С девяносто третьего невозможно было разглядеть буксирующий танк. Да и сам трос был виден только до узла. И Карлов, командуя буксировкой, видел, как осторожно приподнялся узел над болотом, дрогнул, поползли петли, потом намертво затянулись, теперь их рубить надо будет. Более тысячи лошадиных сил сотрясало глухую тишину болота. И девяносто третий, подминая под себя бревно, прошел ровно на длину корпуса. Грязь лилась через открытый люк механику на колени. Но было уже не до чистоты. Еще раз занесли бревно вперед, и еще на корпус прошли. И еще раз. Теперь они делали это механически, отработав движения, как при стрельбе. И еще раз. Потом Карлов остановил движение. Девяносто третий изорвал под собою почву, но на днище пока не сел.
— Ну, ребята, еще раз…
Патрубки девяносто третьего били прямо в жижу. Еще сантиметров десять погружения — и сливай воду. Движок встанет — захлебнется грязью.
Битва с болотом продолжалась уже три часа. С башни Карлов почти бездумно следил, как медленно проходит танк мимо пня, от которого все и начиналось. И вдруг он понял — выбрались.
…Длинный командир девяносто третьего, неуклюже вскидывая грязные босые ноги, пытался плясать.
— Что ты радуешься, дурень! — устало сказал ему механик. — И сапоги потерял, и все еще только начинается…
— Сапоги — хреновина! Хреновина, Петька! Новые куплю.
Командир девяносто третьего свалился на землю, полежал навзничь, раскинув руки, потом перевернулся на живот и ударил черными в крови кулаками по земле:
— Выдернули! Это ж надо, старшой, вы-дер-ну-ули!
Карлов сам радовался, что выдернули. Но когда сидели в болоте, ему казалось, что стоит выбраться — и все будет ясно. А теперь радость угасла: по рации майор не отвечал, дым застилал видимость. А впереди — болото, и никто не знает, где оно кончается и как его обойти. Развернуться, отыскать следы роты и двинуть по ним с разгона — на это он уже не был способен. Второй раз по колее не пройти, в дыму механики полного газа не дадут и он сам не сможет дать полного газа — знал: судорогой руки и ноги сведет. И сидеть здесь больше нельзя. Он думал, что майор теперь, вспоминая о нем, морщится так, как умел морщиться только он, Гапич. Карлов представлял себе сейчас лица ребят и завидовал им. Они вместе все. А он тут. Никогда еще Карлов не был так непоправимо одинок, как сейчас.

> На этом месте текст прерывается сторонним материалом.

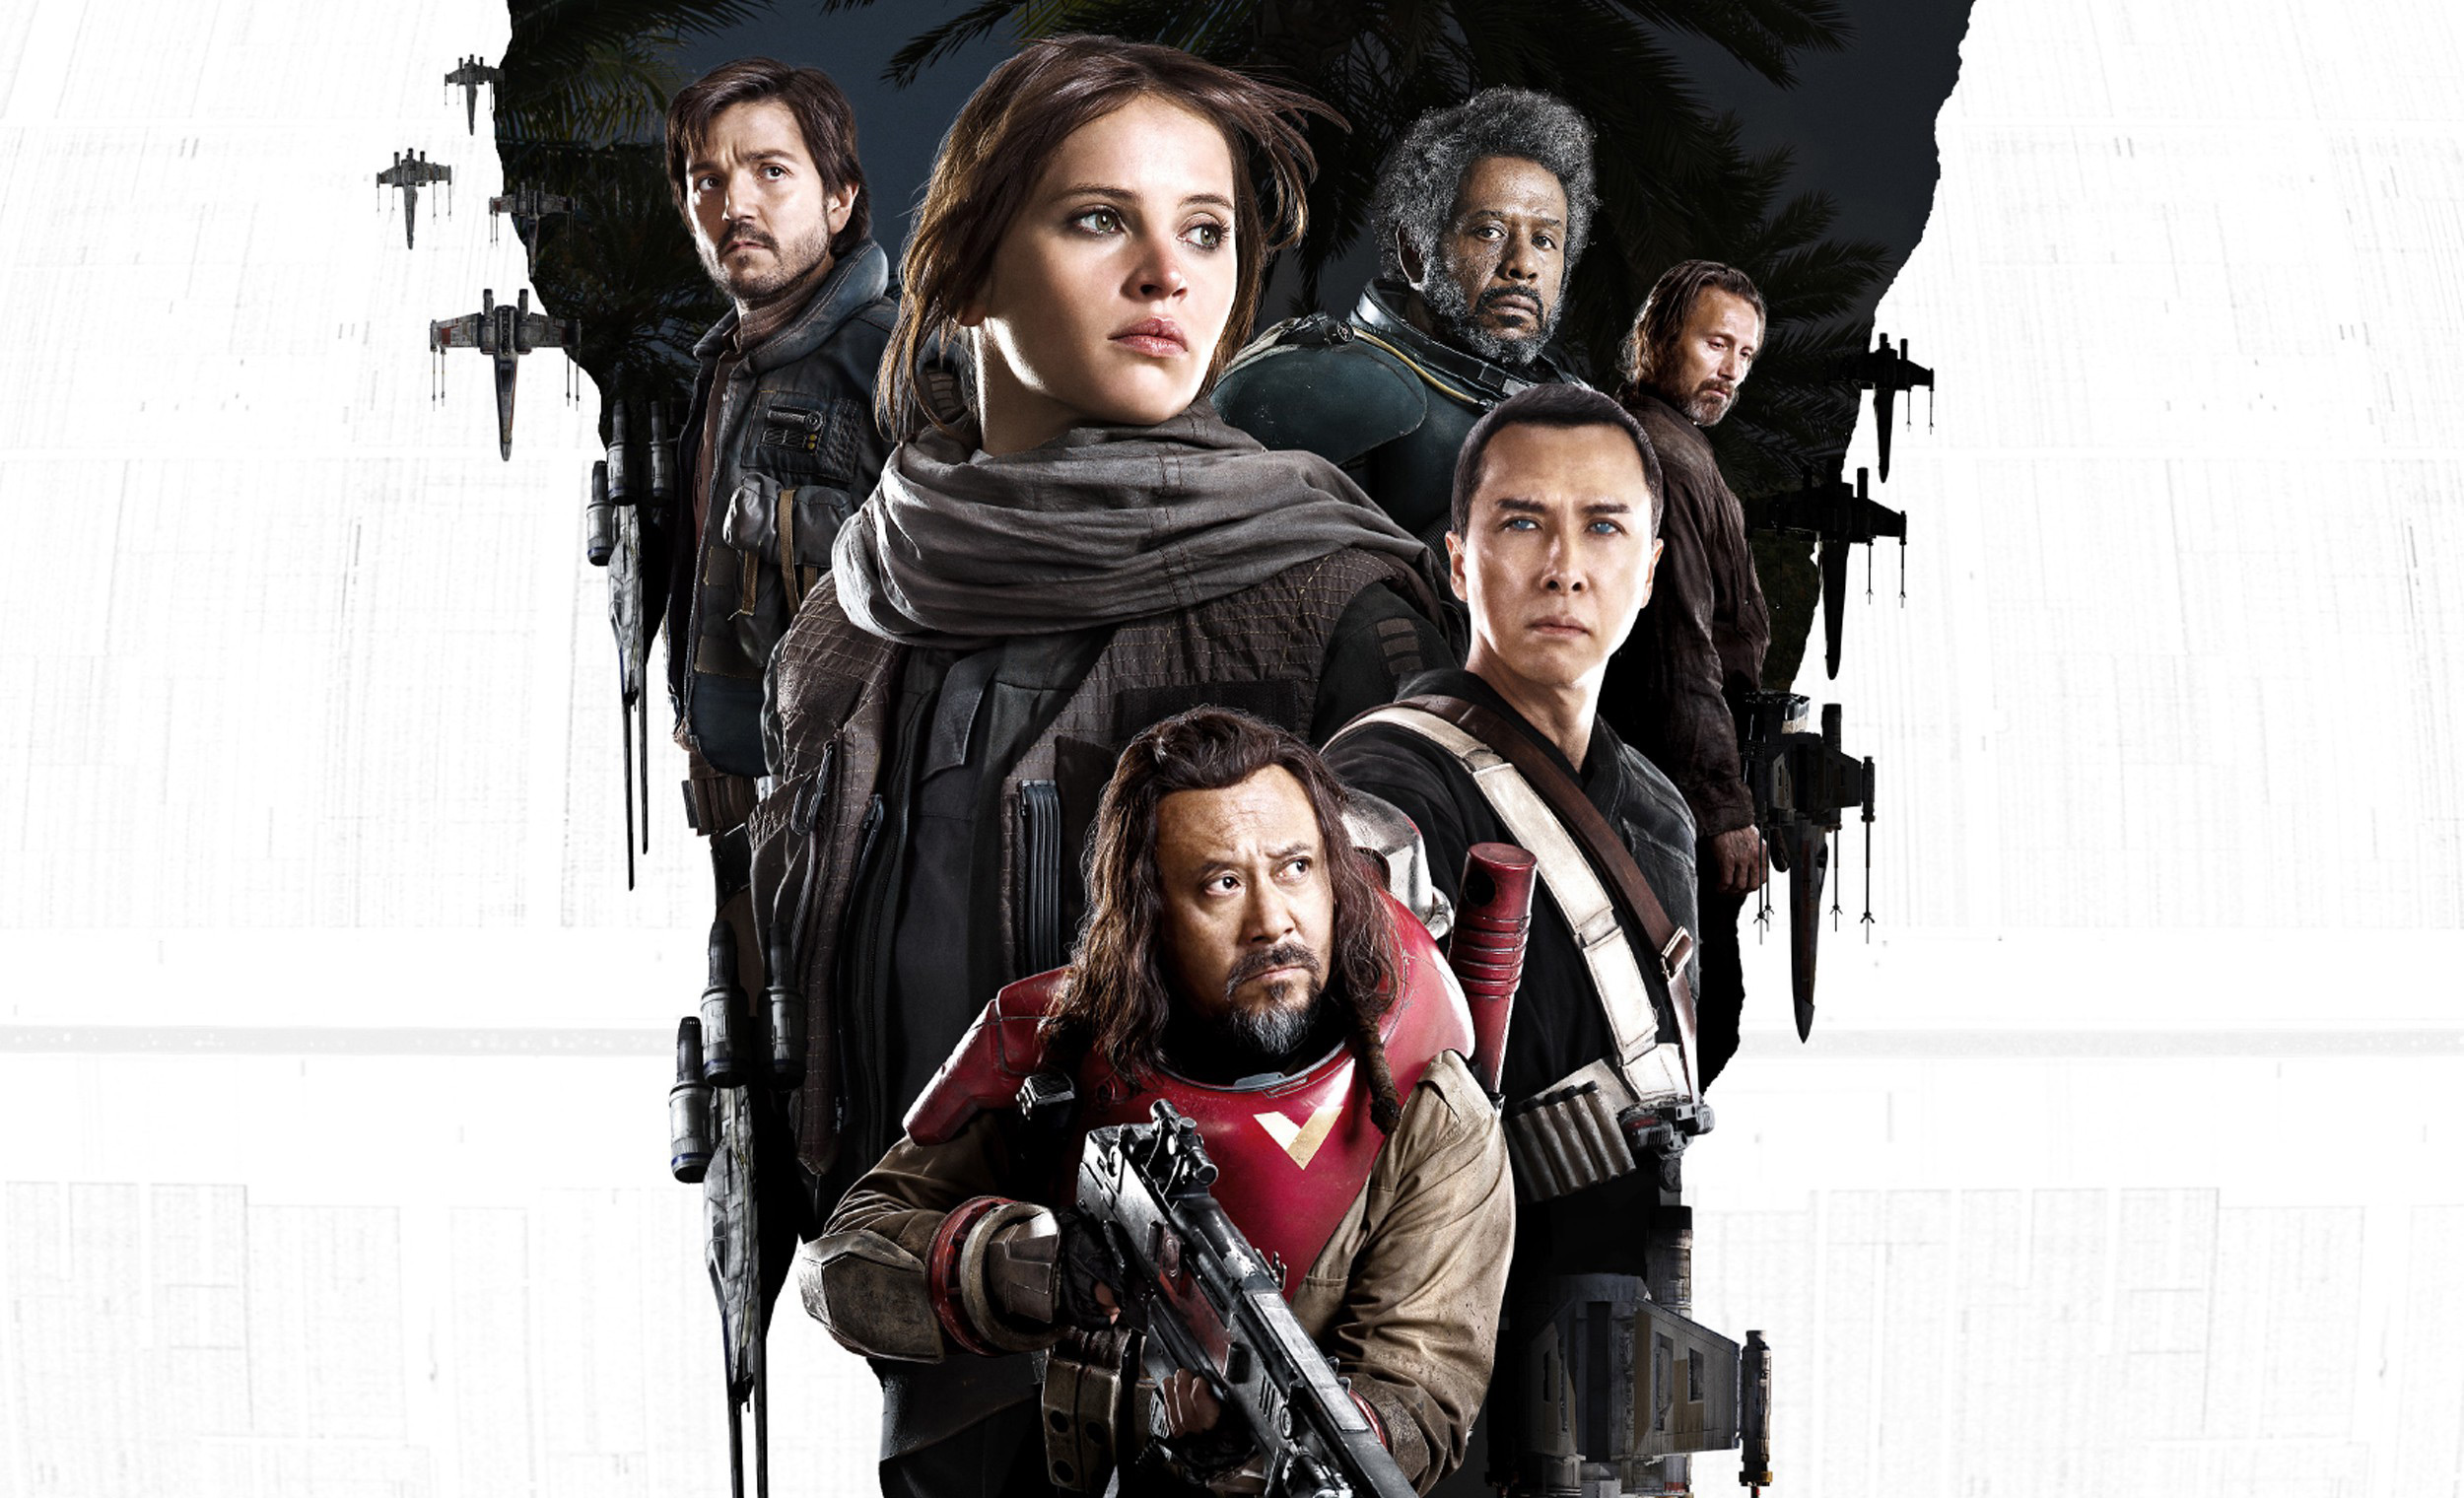 Rogue One' nostalgia reveals a major Star Wars flaw 5 years in the

«Товарищ старший лейтенант (вначале было — целых три года — «товарищ лейтенант»), вашему взводу прикрыть развилку. Подавить противотанковую батарею «голубых», по зеленой ракете — атака!» Или: «На марше замыкаете колонну, скорость — тридцать. Сверить часы». И так всегда, всю его прежнюю жизнь кто-то решал за него, что и когда делать. От подъема до отбоя. И считал он, что самое трудное — это выполнить сложный приказ. Порою даже думал про майора: «Да, хорошо тебе командовать. А ты попробовал бы сам подтянуть гусеницы на морозе». Оказывается, самое трудное — приказывать. Сначала надо знать, что приказывать. А он, старший лейтенант Карлов, один на один с горящей тайгой, с дымом, застилавшим все видимое пространство, один на один с двумя, оказывается, не всесильными танками, один на один с двумя экипажами, которые ждут от него истин, как он сам ждал их от Гапича еще несколько часов назад.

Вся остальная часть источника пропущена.